This project focuses on training a Recurrent Neural Network (RNN) to generate text in the distinctive style of William Shakespeare. The dataset used is "The Complete Works of William Shakespeare," which can be found here. The RNN is implemented using TensorFlow, and the model architecture is based on a Gated Recurrent Unit (GRU) with an embedding layer.
- NumPy
- Pandas
- Matplotlib
- TensorFlow
The chosen dataset comprises all of Shakespeare's works, providing a large corpus of text with a distinctive style. This dataset is preferred for its size and unique characteristics.
To input text into the neural network, numeric indices are assigned to each character. Two dictionaries are created to map between numeric indices and characters.
Training sequences are generated by shifting the text sequence by one character.
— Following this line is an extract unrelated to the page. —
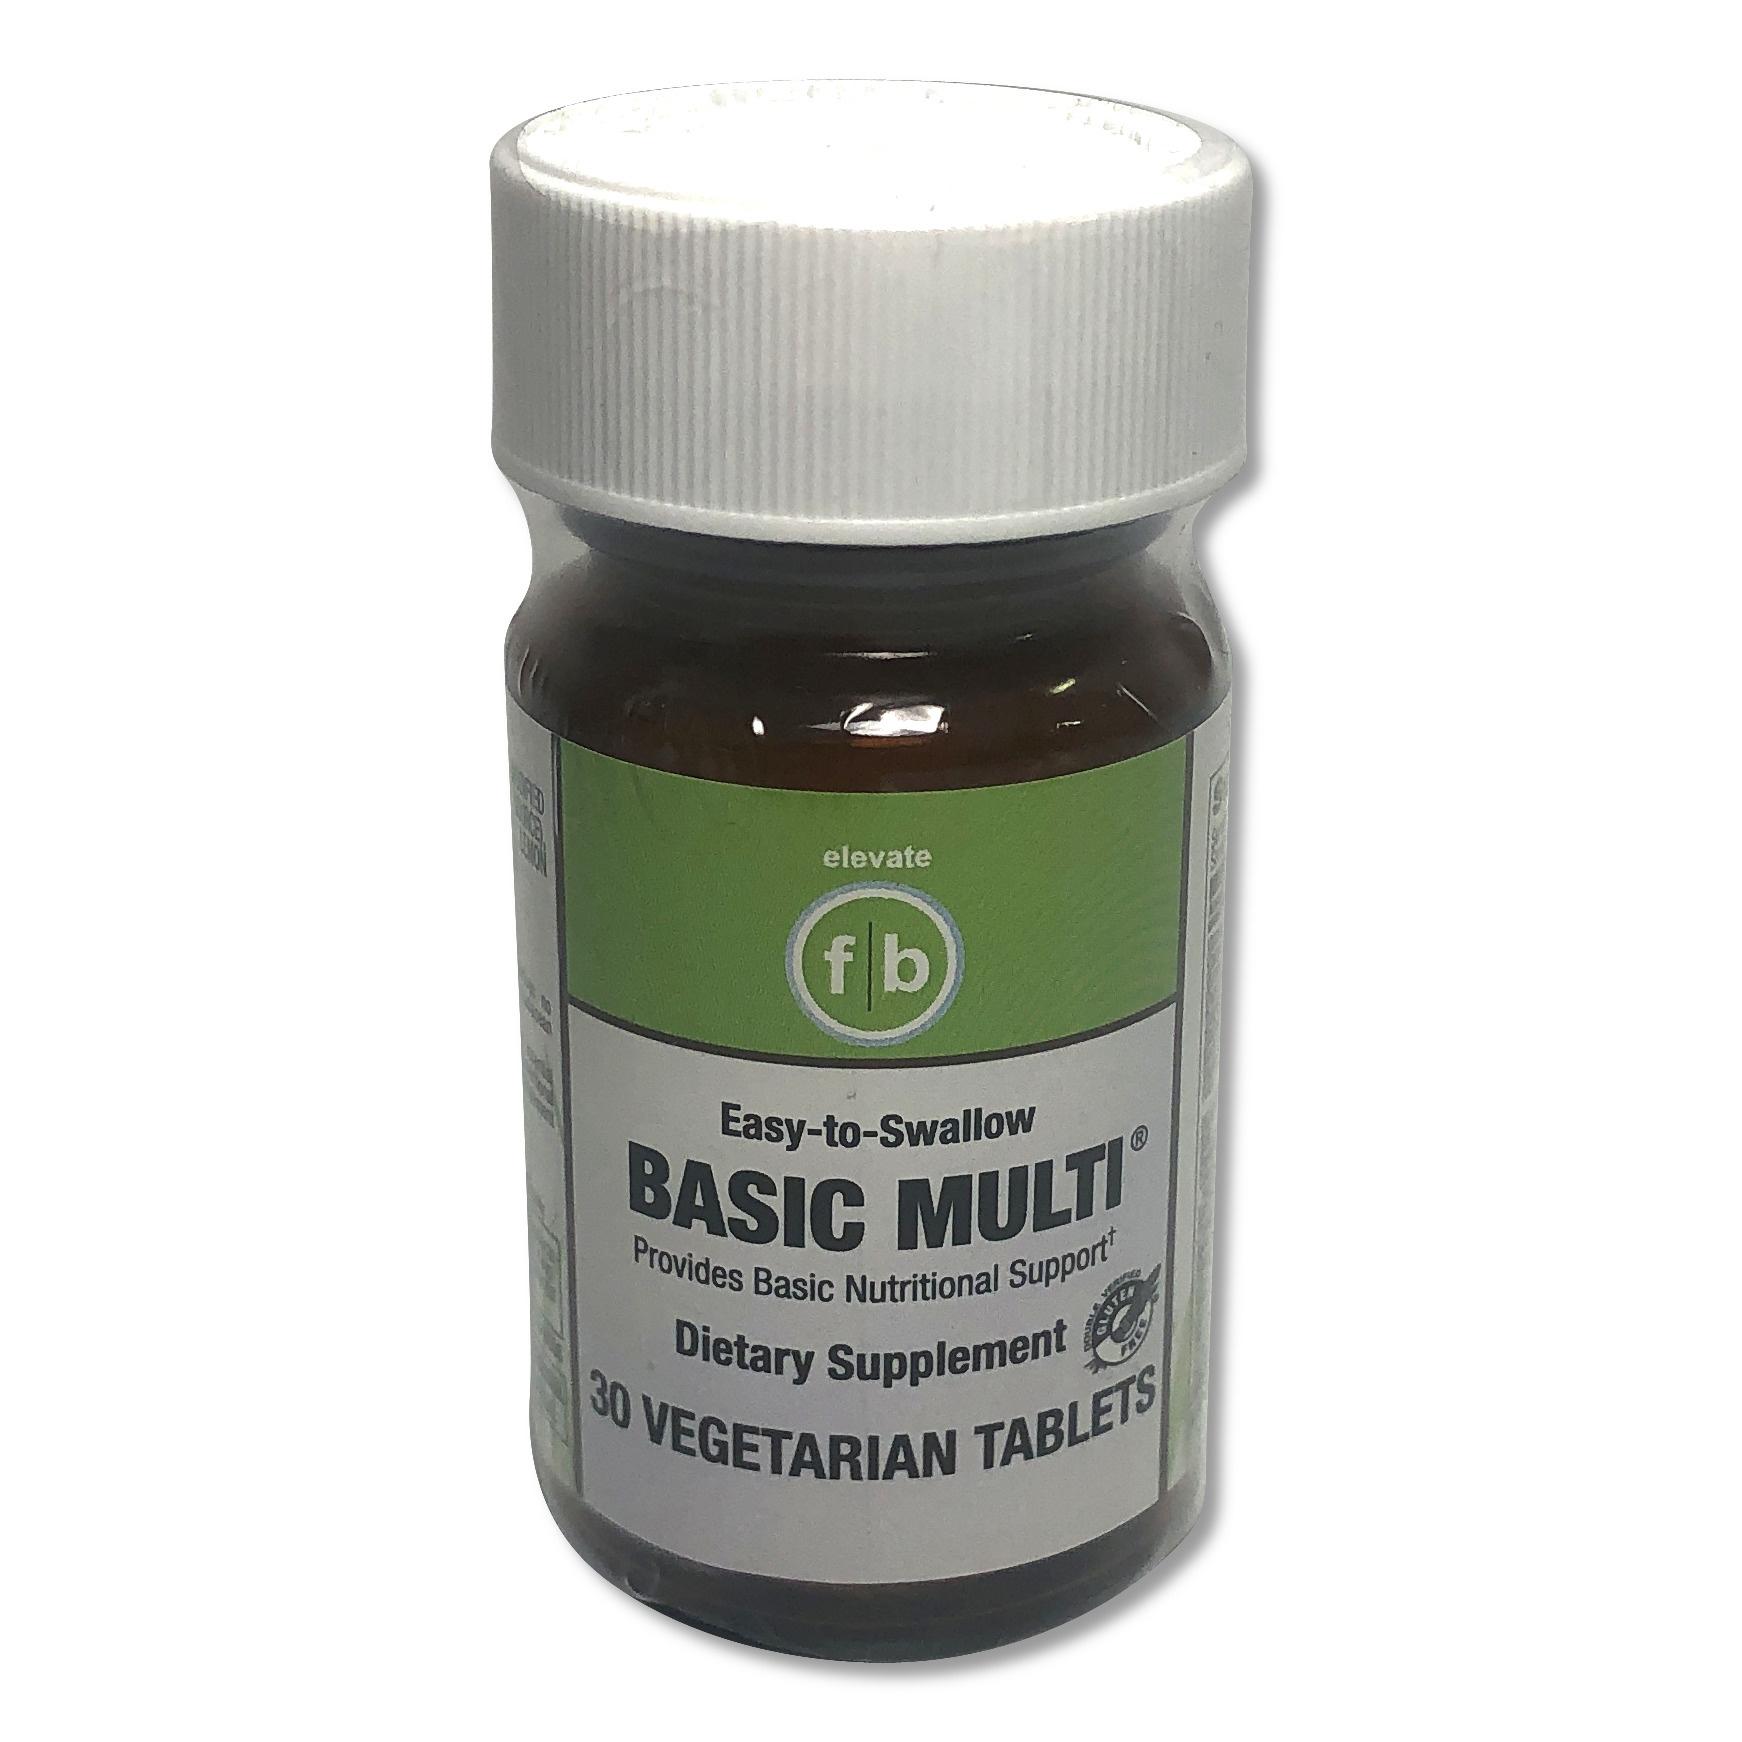 Basic Multi-1

For instance:
- Sequence In: "Hello my nam"
- Sequence Out: "ello my name"
Batches are created by shuffling the sequences into a random order to prevent overfitting to specific sections of the text.
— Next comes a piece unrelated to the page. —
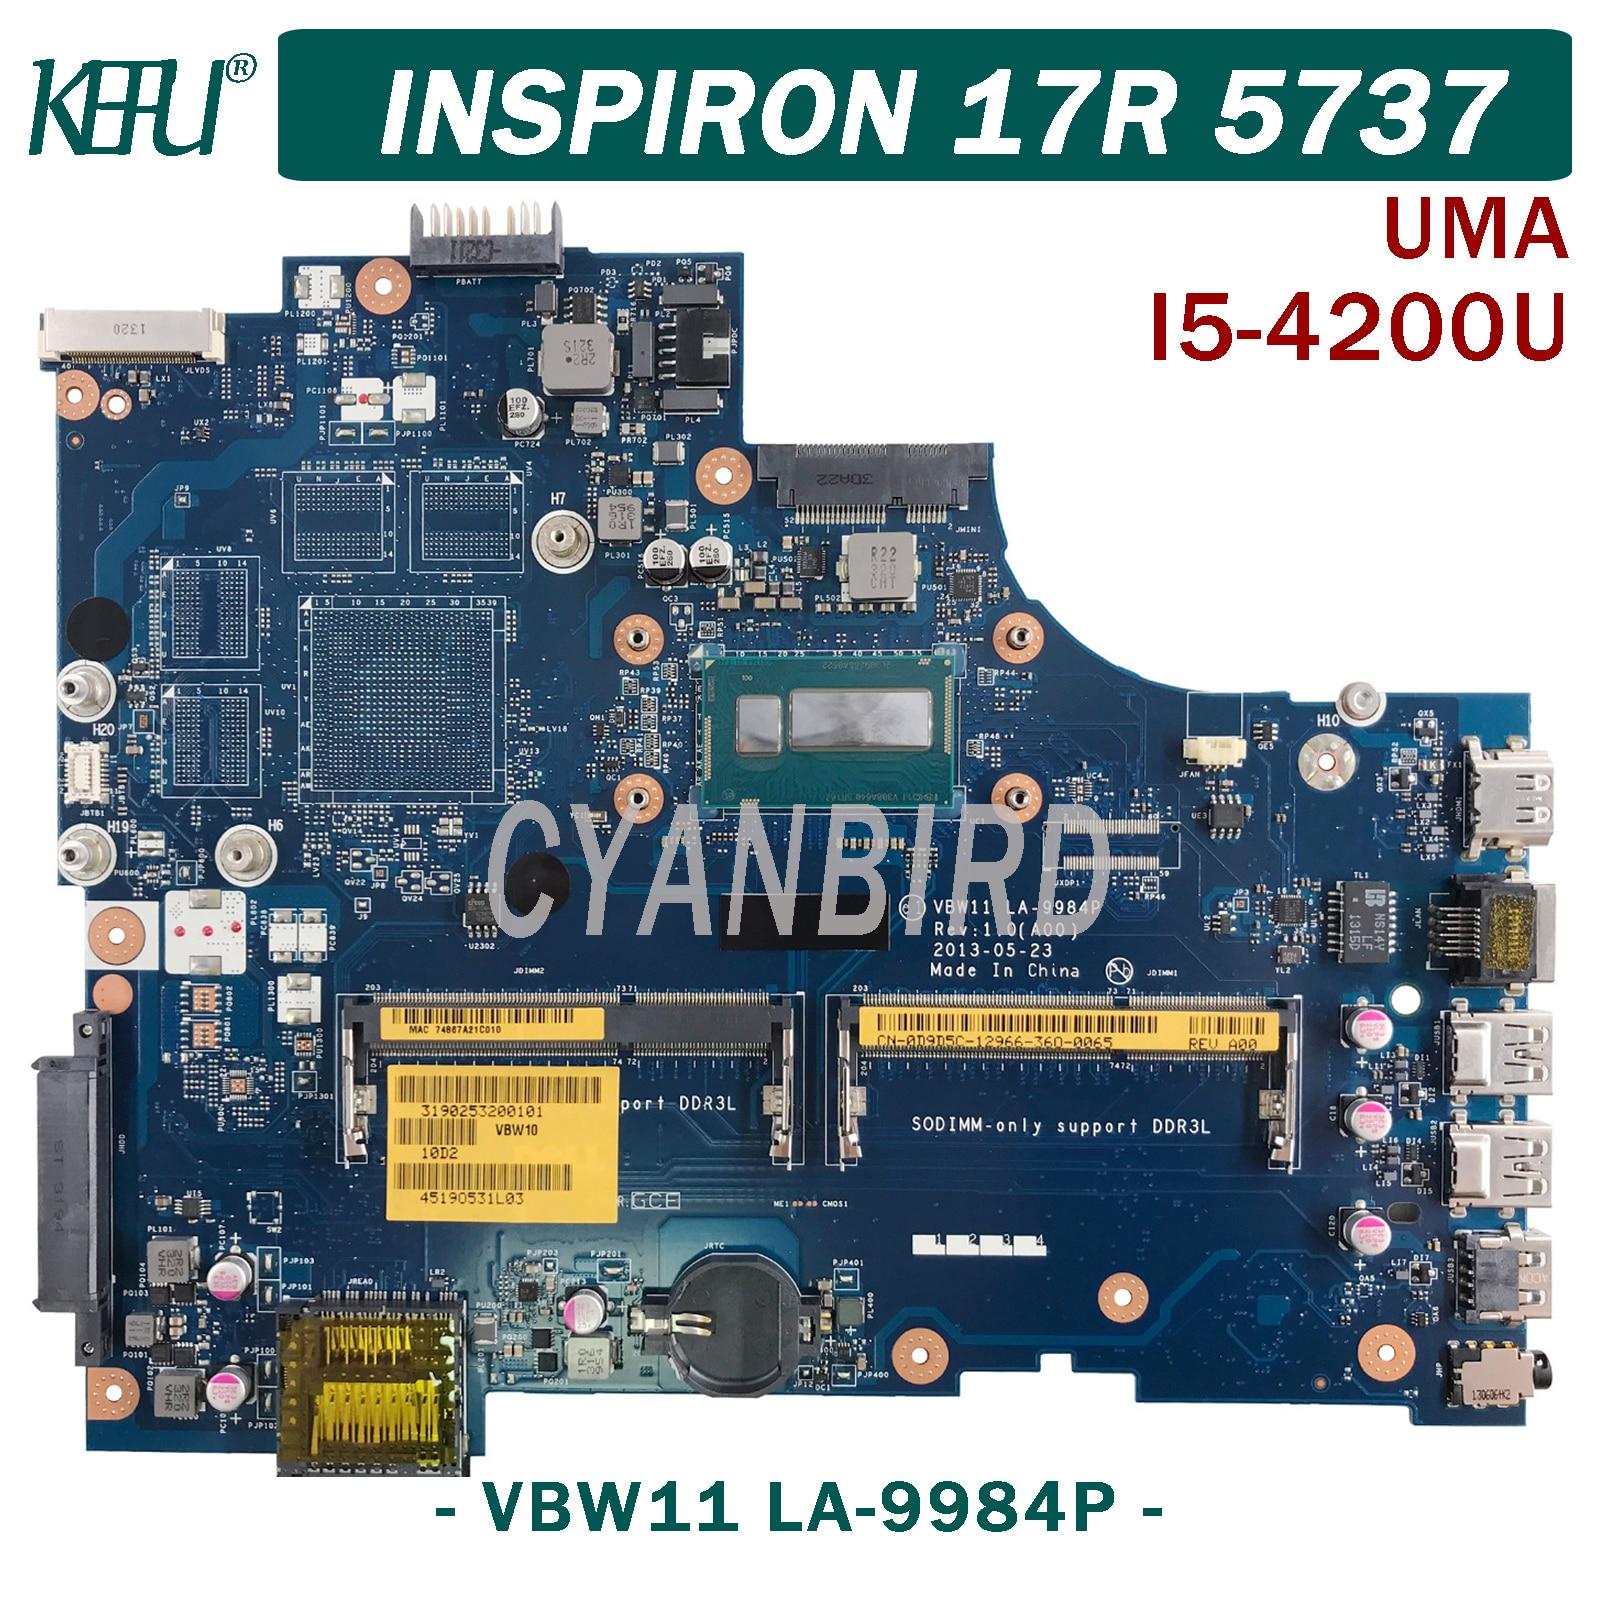 KEFU VBW11 LA-9984P اللوحة الرئيسية الأصلية لديل 17R 3737 5737 UMA مع I5-4200U اللوحة الأم للكمبيوتر المحمول

The model is built using a GRU-based architecture with additional features, including an embedding layer. The embedding layer serves as the input layer, mapping character indices to vectors. The model uses sparse categorical crossentropy as the loss function.
Model: "sequential"
_________________________________________________________________
Layer (type) Output Shape Param #
=================================================================
embedding (Embedding) (128, None, 64) 5376
_________________________________________________________________
gru (GRU) (128, None, 1026) 3361176
_________________________________________________________________
dense (Dense) (128, None, 84) 86268
=================================================================
Total params: 3,452,820
Trainable params: 3,452,820
Non-trainable params: 0
A check is performed to ensure that the model predicts random characters without any training by passing in a batch.
A custom function is created to generate text from a given prompt using the trained GRU-based RNN model. The model is configured to expect a batch size of 1 for text generation.
To run the project, follow these steps:
- Download the dataset from here.
- Execute the provided Jupyter Notebook or Python script.
Feel free to experiment with different parameters and model architectures to enhance text generation capabilities.
Enjoy creating Shakespearean-like text with your trained RNN!